Quando se trata dos conteúdos, dos assuntos a serem tratados, é preciso abordá-los com profundidade e segurança. Não existe nada pior que discussão superficial que apenas tangencie as questões. Abordagens pobres levam os interlocutores à mediocridade, forjando relacionamentos banais, mesquinhos, vulgares. Navegar com profundidade nos assuntos é um sinal de respeito ao outro e a nós mesmos. Isso se traduz em municiar-se do maior número de dados e informações, selecionar as importantes, apresentá-las de forma objetiva, certificando-se anteriormente da sua exatidão e procedência. Na discussão é preciso também discernir entre o que é essência e o que é acessório, fixando-se nos fundamentos do assunto. É que muitas vezes o que reluz nas discussões é o acessório, a trivialidade, ofuscando e encobrindo as partes que de fato importam. Portando iluminar as partes mais relevantes dos conteúdos é uma etapa importante do processo.
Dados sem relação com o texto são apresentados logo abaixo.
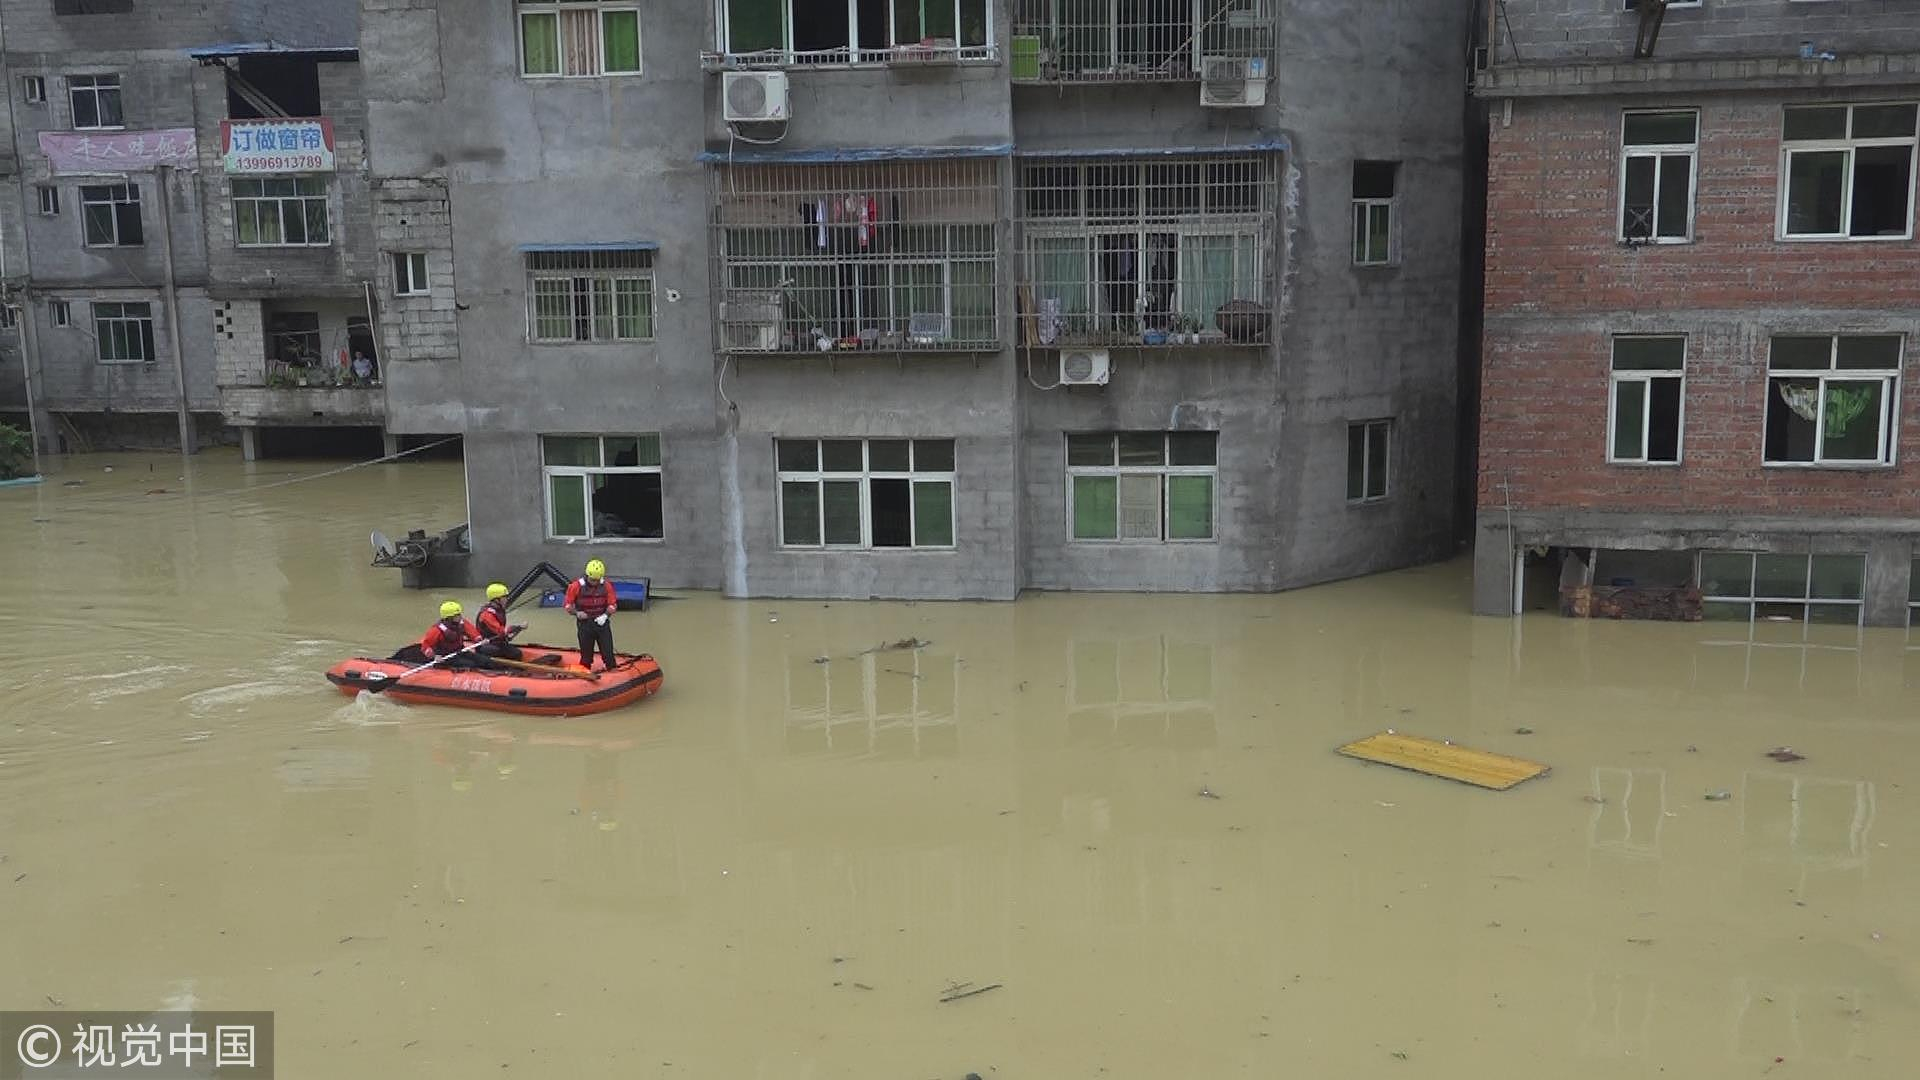 China’s firefighters use raft to relocate people stranded by rainstorm ...

A boa ordenação dos conteúdos não pode ser deixada de lado. A organização, a forma de melhor subordinar e hierarquizar os itens abordados enseja a construção de um raciocínio lógico consistente.

Mas tudo isso pode cair por terra se não adotarmos uma linguagem correta, clara e expressiva, no sentido de encantar o interlocutor. E nesse sentido o fecho final, a conclusão que damos à nossa intervenção é fundamental. É como uma orquestra sinfônica executando uma ópera ou uma peça musical clássica. Toda a construção melódica vai sendo conduzida num crescendo até chegar – ao final – à apoteose, quando músicos e platéia como que explodem em satisfação e aplausos.

Esses procedimentos deveriam ser, com especial interesse, adotados por nossos professores – formais e informais. Uma conversa ocorrida na informalidade de um cafezinho pode educar mais que uma aula convencional. Mas a liturgia de uma aula tradicional tem a responsabilidade de gerar resultados, a obrigação de ensinar, e bem! Os professores formais têm a obrigação de tornar suas mensagens atrativas, plenamente compreendidas. É o mínimo que se espera de nossos mestres. Essa é uma boa forma de avaliar o desempenho de nossos professores. Quando o aluno é reprovado, a responsabilidade nem sempre é do estudante.

Mas quem carrega o fardo do fracasso é tão-somente o aluno. Vivemos em nossas escolas uma realidade por demais injusta e que deve, de imediato, ser alterada. Mesmo ante e existência de um exército de gagos que acreditam ser do gênio a culpa por não terem seus desejos atendidos.